М.Б.: Все так, но Годар и Леоне неповторимы с точки зрения взаимопроникаемости культур. Леоне ведь не делал чистые римейки. В частности, сценарий «Однажды на Диком Западе» он пригласил писать таких разных людей, как Дарио Ардженто и Бернардо Бертолуччи. Уникального мастера барочных киноужасов и структуралиста с постреволюционными идеями. Бертолуччи потом вспоминал, что перед тем, как сесть за работу, он пересмотрел около 200 классических вестернов и в результате принес Леоне том сценария на 80 часов. Это была игра европейских интеллектуалов с детской культурой и в детскую культуру. И европейских римейков как таковых очень мало. Влияние — да. «Американский солдат» Райнера Вернера Фассбиндера, «Американский друг» Вима Вендерса — это размышления по поводу, но не римейки в строгом понимании.
С.Д: Не уверен, стоит ли нам расширять предмет разговора, но получается, что в шестидесятые складывается авторский римейк не отдельного фильма, а жанра в целом. Его столкновение с узкотехнологической категорией американского кинопроизвод-ства — повторной экранизацией сценария — чревато рождением римейка в его настоящем виде.

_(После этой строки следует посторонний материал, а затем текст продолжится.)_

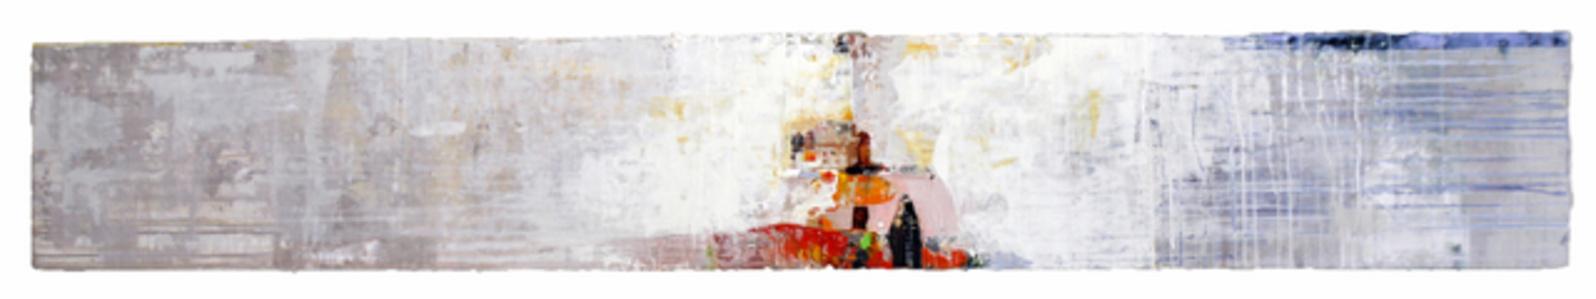 Untitled (9.4.16)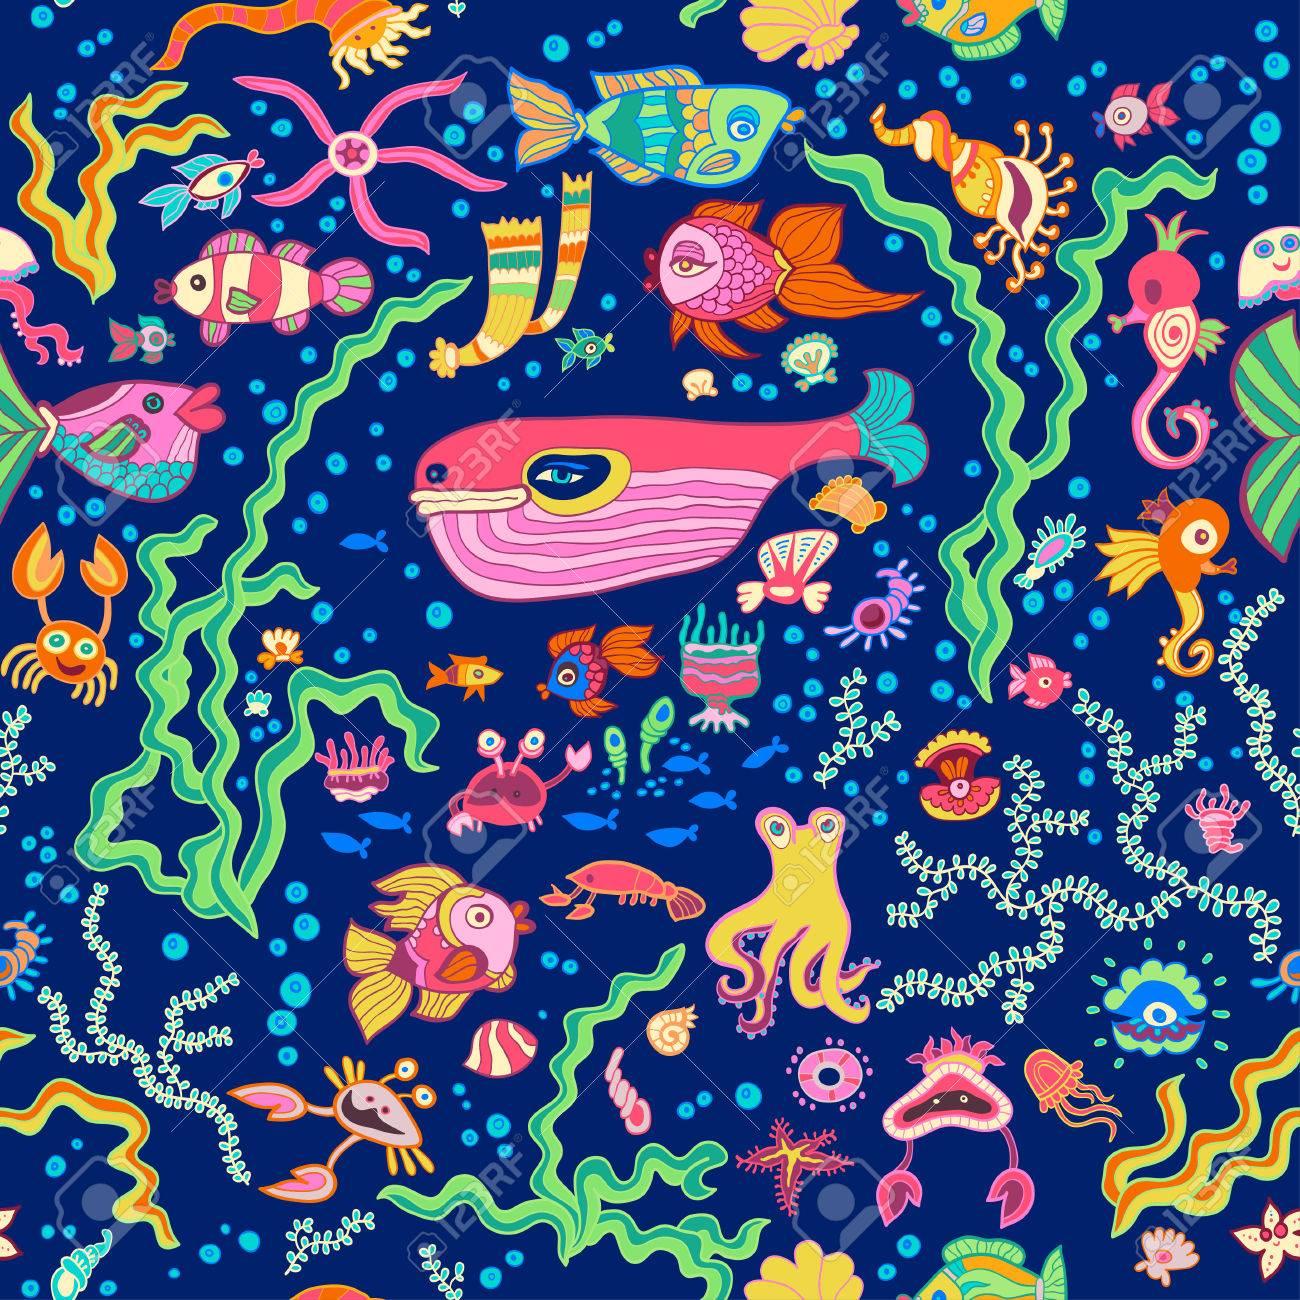 Childish pattern with marine life Stock Vector - 27567307

М Б.: Важно помнить, что римейк не использует прежний сценарий. Для него пишется новый, опирающийся уже не на литературную, драматургическую сторону оригинала, а на фильм в целом. Результат может оказаться самым неожиданным. Например, существует роман Джона Мак Доналдса «Палачи», по которому в шестьдесят втором году Дж.Ли Томпсон поставил фильм «Мыс страха». В девяносто первом Мартин Скорсезе выпустил римейк под тем же названием. Возвращаясь к началу нашего разговора, еще раз подчеркну: Скорсезе не экранизирует повторно роман Мак Доналдса, но «переэкранизирует» фильм Томпсона. И вот результат — в последнем издании роман озаглавлен «Мыс страха». Только мелким шрифтом внизу набрано: “первая публикация вышла под названием «Палачи»… Свершился полный круг интерпретации, который, во-первых, указывает на то, что римейк есть чисто кинематографическая акция. И во-вторых что он оперирует каким-то совершенно новым представлением о реальности. О такой реальности, где художественный текст живет по своим собственным законам. Годар и Леоне переделывали, комментировали весь жанр целиком. Однако жанр, даже самый канонизированный, невозможно представить в виде раз и навсегда фиксированного текста. Это скорее схема, набор инвариантов, структура поведения. А в семи десятые я вижу римейк как текст о тексте, причем оба текста как будто написаны тем же пером. Можно конечно, и «Гамлета» поставить как пьесу о пьесе Шекспира, но это было бы унизительно с точки зрения содержащихся в ней художественных возможностей. Применительно к римейку едва ли стоит говорить об искусстве. Зато культура, в которой живет и переписывается этот кинотекст, соприкасаясь с ним, саморазоблачается. Рассматривая римейк как пару близнеца, мы можем вынести очень важные заключения о культуре. Что в римейке берется от оригинала, зачем и когда этот оригинал переделывается, что изменяется, а что остается прежним, какие структуры, собственно, переделываются? Тут проступают удивительные вещи. Например, самые удачные и показательные римейки основаны на низкопробных, поточных Б-фильмах. Почему?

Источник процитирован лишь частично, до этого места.